O “S”, que comenzó a prostituirse a los trece, o “F” que desde los ocho se junta en la canchita del barrio a fumar pipazo, o “T”, que ya pasó por varios institutos y ahora, con una hija, tiene que volver a la calle porque cumplió los dieciocho.

Son letras, iniciales de nombres que existen, rótulos de experiencias que se multiplican por mil. Es complicado pensar cómo se logra zafar de la ilicitud cuando lo que se recibe desde tempranísima edad son todas ilicitudes.

Cuando una política estatal se reparte entre la retirada y la cosificación, en nada sorprende que luego, el refuerzo, venga por el lado del castigo. Similar a las consignas anti abortistas; preocupadas por el niño por nacer muy poco hablan del niño nacido. Luchar por lo que no existe es romántico, y poco arriesgado.
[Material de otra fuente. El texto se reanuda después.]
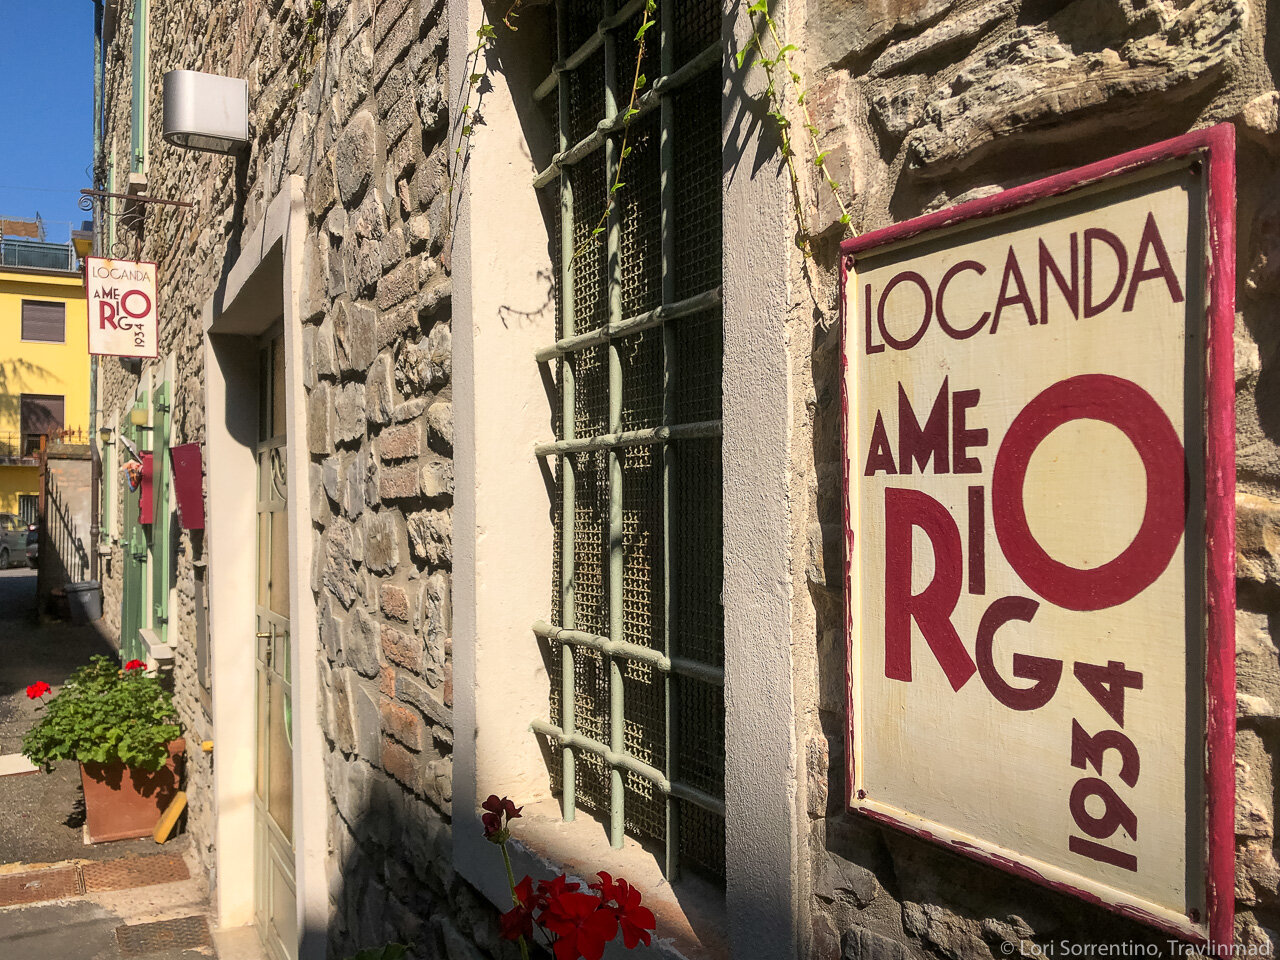 Locanda Amerigo is steps away from the Trattoria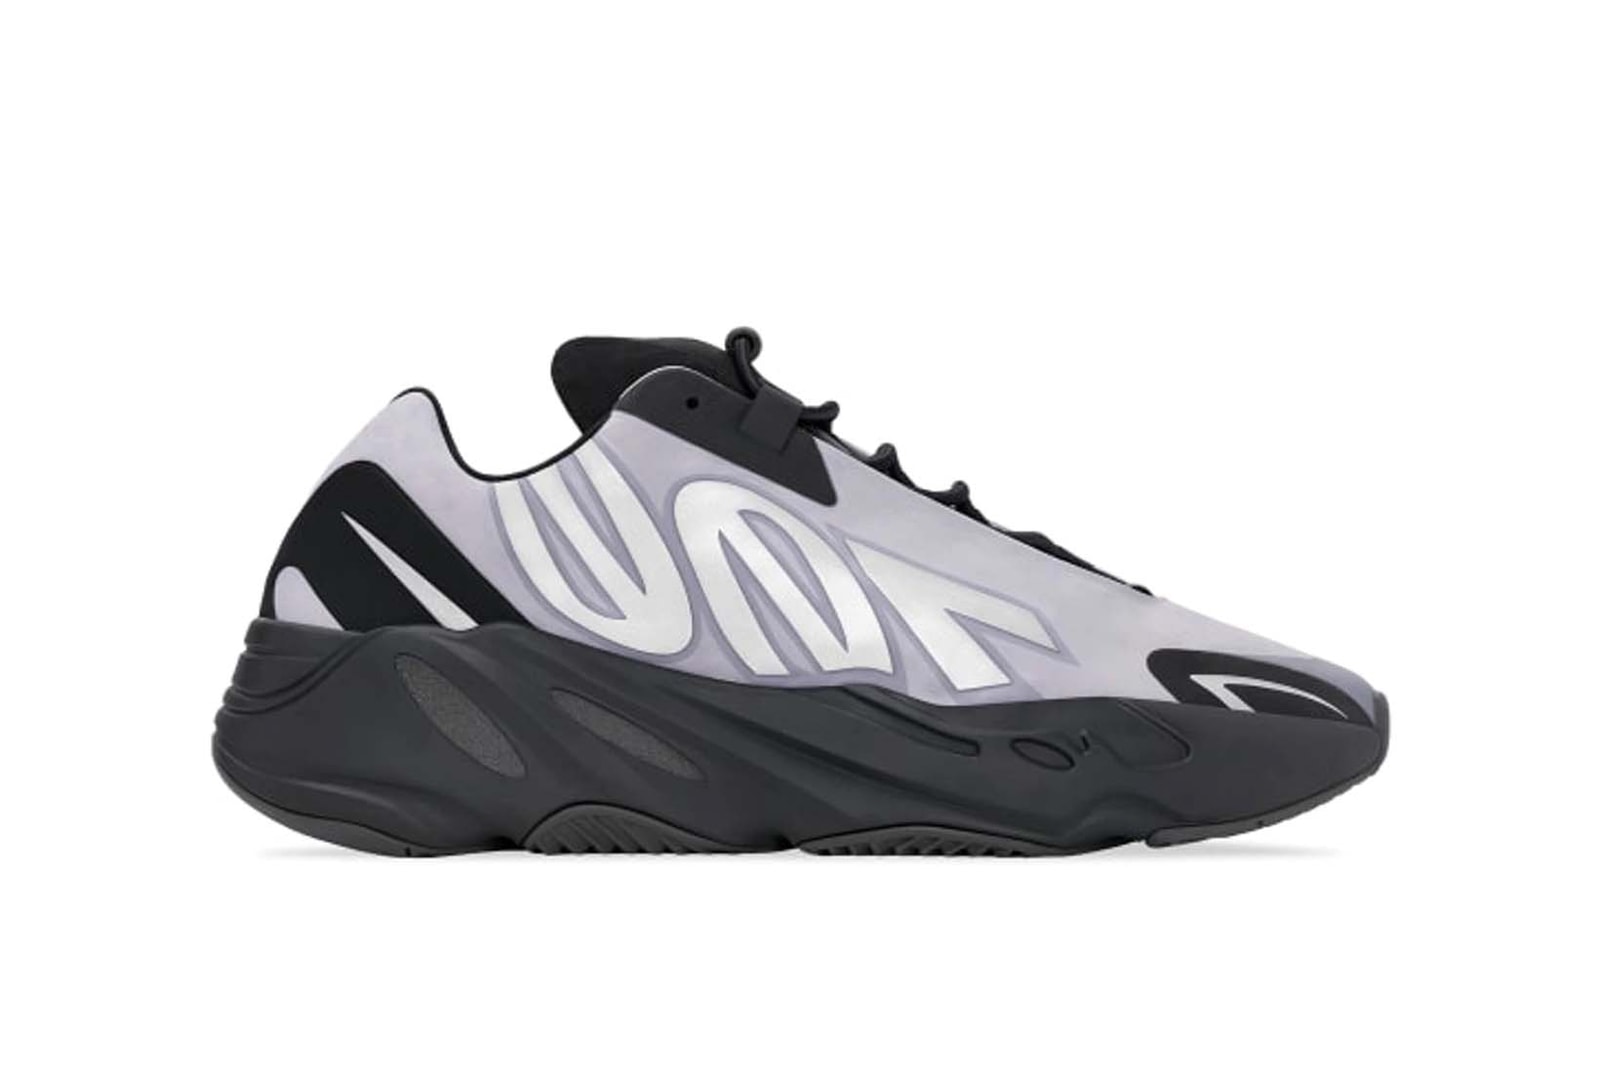 Sneaker Release Calendar Nike Dunk Yeezy adidas Foam Runner Price Release Info

Claro que Jamie no es uno de estos niños. El personaje de Adolescencia parece tener resueltas varias cuestiones materiales de existencia, aun así, el crimen ocurre y la manera de posicionarse ante ese hecho, terrible e irremediable, muestra a Jamie como parte de un grupo social en el que la distinción entre lo tangible y lo abstracto, la realidad y la fantasía, lo reparable y lo que no lo es, se desvanece por frágil.

Entender al cuerpo ajeno como una frontera, demarcarse de los mandatos impuestos por una masculinidad nociva, asumirse distinto sin que eso implique un tremendo malestar, renegar del desprecio al otro como forma de reconocimiento grupal, son solo una parte de los desafíos que enfrenta una personalidad en desarrollo, todavía en progreso. Por algo la Convención de los Derechos del Niño asume a la infancia en virtud de una voluntad progresiva, por algo, dice el Tratado, se es niño hasta los dieciocho.

Esto no justifica a Jamie, tampoco es un argumento a favor de los ilícitos que pudieran cometer “B”, “L”, “R”, “S”, “F”, o “T”; tan distintos y tan comunes en algunos puntos. Es que no se trata de justificar sino de entender, y sobre todo pensar a quién le resuelve el problema la merma de la imputabilidad.

En Inglaterra, donde transcurren los sucesos de la miniserie, la inimputabilidad se ubica por debajo de los diez años, y sin embargo Jamie, y sin embargo Jon Venables y Robert Thompson tenían 10 cuando asesinaron en 1993 a James Bulger de solo dos años.

No se delinque menos porque la ley penal irrumpa antes.

La niñez y la adolescencia son momentos para aprender a amar y amarse, odiar y odiarse, dolerse, salir al mundo. Como ocurre con la vez inicial, gritamos, lloramos. Adentro estábamos mejor.

¿Qué hacemos con eso? ¿Todavía pensamos que la cárcel es un buen educador?